(Stored dataset items)
════════════════════

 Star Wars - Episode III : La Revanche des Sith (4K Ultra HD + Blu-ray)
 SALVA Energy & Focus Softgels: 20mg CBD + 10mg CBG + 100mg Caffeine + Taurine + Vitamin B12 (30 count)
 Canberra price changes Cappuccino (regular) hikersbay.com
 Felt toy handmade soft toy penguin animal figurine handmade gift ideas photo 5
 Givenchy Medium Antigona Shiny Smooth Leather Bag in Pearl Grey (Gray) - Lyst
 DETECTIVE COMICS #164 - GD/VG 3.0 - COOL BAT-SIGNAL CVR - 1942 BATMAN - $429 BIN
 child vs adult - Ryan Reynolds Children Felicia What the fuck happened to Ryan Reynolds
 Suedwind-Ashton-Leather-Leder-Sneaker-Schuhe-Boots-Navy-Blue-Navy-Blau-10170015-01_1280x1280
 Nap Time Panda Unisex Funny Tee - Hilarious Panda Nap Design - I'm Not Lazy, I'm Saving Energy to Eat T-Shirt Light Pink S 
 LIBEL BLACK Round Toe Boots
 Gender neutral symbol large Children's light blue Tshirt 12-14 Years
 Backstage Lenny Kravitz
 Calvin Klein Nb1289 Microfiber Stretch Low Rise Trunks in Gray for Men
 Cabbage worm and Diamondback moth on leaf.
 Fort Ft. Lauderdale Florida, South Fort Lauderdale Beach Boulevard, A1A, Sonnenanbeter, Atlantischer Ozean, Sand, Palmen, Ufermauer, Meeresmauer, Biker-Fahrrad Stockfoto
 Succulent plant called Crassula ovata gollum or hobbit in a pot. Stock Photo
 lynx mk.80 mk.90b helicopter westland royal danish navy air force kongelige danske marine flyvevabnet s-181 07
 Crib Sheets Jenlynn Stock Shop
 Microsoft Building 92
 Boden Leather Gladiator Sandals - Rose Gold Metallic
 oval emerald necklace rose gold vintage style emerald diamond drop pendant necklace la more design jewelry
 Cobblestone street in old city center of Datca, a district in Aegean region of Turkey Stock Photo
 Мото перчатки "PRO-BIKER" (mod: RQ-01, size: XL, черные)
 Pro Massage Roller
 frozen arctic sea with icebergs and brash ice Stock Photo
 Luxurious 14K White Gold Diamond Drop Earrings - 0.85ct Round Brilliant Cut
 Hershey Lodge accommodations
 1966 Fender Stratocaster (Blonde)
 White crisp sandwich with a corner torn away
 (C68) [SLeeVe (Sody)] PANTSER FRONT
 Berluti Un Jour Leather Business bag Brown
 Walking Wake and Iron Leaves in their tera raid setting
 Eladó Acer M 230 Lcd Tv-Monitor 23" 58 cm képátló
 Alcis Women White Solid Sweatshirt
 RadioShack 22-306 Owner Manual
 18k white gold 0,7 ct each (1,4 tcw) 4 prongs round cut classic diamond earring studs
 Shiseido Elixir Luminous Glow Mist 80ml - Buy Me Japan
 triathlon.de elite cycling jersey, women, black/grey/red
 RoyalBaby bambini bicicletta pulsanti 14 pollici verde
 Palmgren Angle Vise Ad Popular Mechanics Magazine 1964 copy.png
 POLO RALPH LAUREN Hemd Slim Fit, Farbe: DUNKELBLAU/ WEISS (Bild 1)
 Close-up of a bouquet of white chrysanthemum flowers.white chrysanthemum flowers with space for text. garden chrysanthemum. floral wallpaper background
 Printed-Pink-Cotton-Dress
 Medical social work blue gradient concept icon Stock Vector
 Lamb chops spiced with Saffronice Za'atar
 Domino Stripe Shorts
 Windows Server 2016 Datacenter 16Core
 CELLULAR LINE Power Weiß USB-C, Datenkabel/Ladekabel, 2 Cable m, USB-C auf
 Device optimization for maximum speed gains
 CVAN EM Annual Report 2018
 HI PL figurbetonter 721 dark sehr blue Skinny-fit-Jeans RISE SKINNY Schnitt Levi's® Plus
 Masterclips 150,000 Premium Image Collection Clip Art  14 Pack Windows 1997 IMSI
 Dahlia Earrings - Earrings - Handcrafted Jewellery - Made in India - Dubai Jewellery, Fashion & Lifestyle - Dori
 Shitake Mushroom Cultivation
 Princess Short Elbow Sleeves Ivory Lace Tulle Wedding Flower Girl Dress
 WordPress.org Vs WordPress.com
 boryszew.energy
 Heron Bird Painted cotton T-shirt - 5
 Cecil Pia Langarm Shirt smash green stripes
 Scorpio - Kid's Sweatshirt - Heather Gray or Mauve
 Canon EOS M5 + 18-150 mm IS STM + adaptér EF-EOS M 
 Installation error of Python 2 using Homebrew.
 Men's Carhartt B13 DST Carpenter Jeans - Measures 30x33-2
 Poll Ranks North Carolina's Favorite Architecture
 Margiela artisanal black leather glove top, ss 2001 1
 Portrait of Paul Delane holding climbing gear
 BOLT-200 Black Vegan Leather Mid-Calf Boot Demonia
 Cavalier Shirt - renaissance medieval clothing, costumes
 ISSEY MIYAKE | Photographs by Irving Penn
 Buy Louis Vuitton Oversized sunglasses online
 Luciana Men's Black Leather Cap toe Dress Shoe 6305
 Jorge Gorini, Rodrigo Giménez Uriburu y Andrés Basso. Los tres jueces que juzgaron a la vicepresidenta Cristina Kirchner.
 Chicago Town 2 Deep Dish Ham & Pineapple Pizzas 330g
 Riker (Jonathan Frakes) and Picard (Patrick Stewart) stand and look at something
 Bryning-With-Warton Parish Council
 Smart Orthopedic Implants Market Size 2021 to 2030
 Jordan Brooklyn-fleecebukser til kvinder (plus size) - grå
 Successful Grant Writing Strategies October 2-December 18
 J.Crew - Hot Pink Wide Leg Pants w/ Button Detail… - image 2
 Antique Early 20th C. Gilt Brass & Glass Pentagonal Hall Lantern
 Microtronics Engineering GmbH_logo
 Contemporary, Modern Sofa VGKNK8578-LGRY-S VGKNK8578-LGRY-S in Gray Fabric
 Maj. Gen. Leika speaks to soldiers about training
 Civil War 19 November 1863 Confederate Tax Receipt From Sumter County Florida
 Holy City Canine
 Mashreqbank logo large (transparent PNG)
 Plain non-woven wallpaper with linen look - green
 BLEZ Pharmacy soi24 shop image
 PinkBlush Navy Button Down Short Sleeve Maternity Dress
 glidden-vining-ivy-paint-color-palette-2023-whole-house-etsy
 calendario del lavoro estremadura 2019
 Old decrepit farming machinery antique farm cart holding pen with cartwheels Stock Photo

════════════════════

• **EXERCISE**
Retype the records above from the very first line down to the line with "Microsoft Building 92", keeping both of those lines. Include nothing beyond them.

• **WRITTEN ANSWER**
 Star Wars - Episode III : La Revanche des Sith (4K Ultra HD + Blu-ray)
 SALVA Energy & Focus Softgels: 20mg CBD + 10mg CBG + 100mg Caffeine + Taurine + Vitamin B12 (30 count)
 Canberra price changes Cappuccino (regular) hikersbay.com
 Felt toy handmade soft toy penguin animal figurine handmade gift ideas photo 5
 Givenchy Medium Antigona Shiny Smooth Leather Bag in Pearl Grey (Gray) - Lyst
 DETECTIVE COMICS #164 - GD/VG 3.0 - COOL BAT-SIGNAL CVR - 1942 BATMAN - $429 BIN
 child vs adult - Ryan Reynolds Children Felicia What the fuck happened to Ryan Reynolds
 Suedwind-Ashton-Leather-Leder-Sneaker-Schuhe-Boots-Navy-Blue-Navy-Blau-10170015-01_1280x1280
 Nap Time Panda Unisex Funny Tee - Hilarious Panda Nap Design - I'm Not Lazy, I'm Saving Energy to Eat T-Shirt Light Pink S 
 LIBEL BLACK Round Toe Boots
 Gender neutral symbol large Children's light blue Tshirt 12-14 Years
 Backstage Lenny Kravitz
 Calvin Klein Nb1289 Microfiber Stretch Low Rise Trunks in Gray for Men
 Cabbage worm and Diamondback moth on leaf.
 Fort Ft. Lauderdale Florida, South Fort Lauderdale Beach Boulevard, A1A, Sonnenanbeter, Atlantischer Ozean, Sand, Palmen, Ufermauer, Meeresmauer, Biker-Fahrrad Stockfoto
 Succulent plant called Crassula ovata gollum or hobbit in a pot. Stock Photo
 lynx mk.80 mk.90b helicopter westland royal danish navy air force kongelige danske marine flyvevabnet s-181 07
 Crib Sheets Jenlynn Stock Shop
 Microsoft Building 92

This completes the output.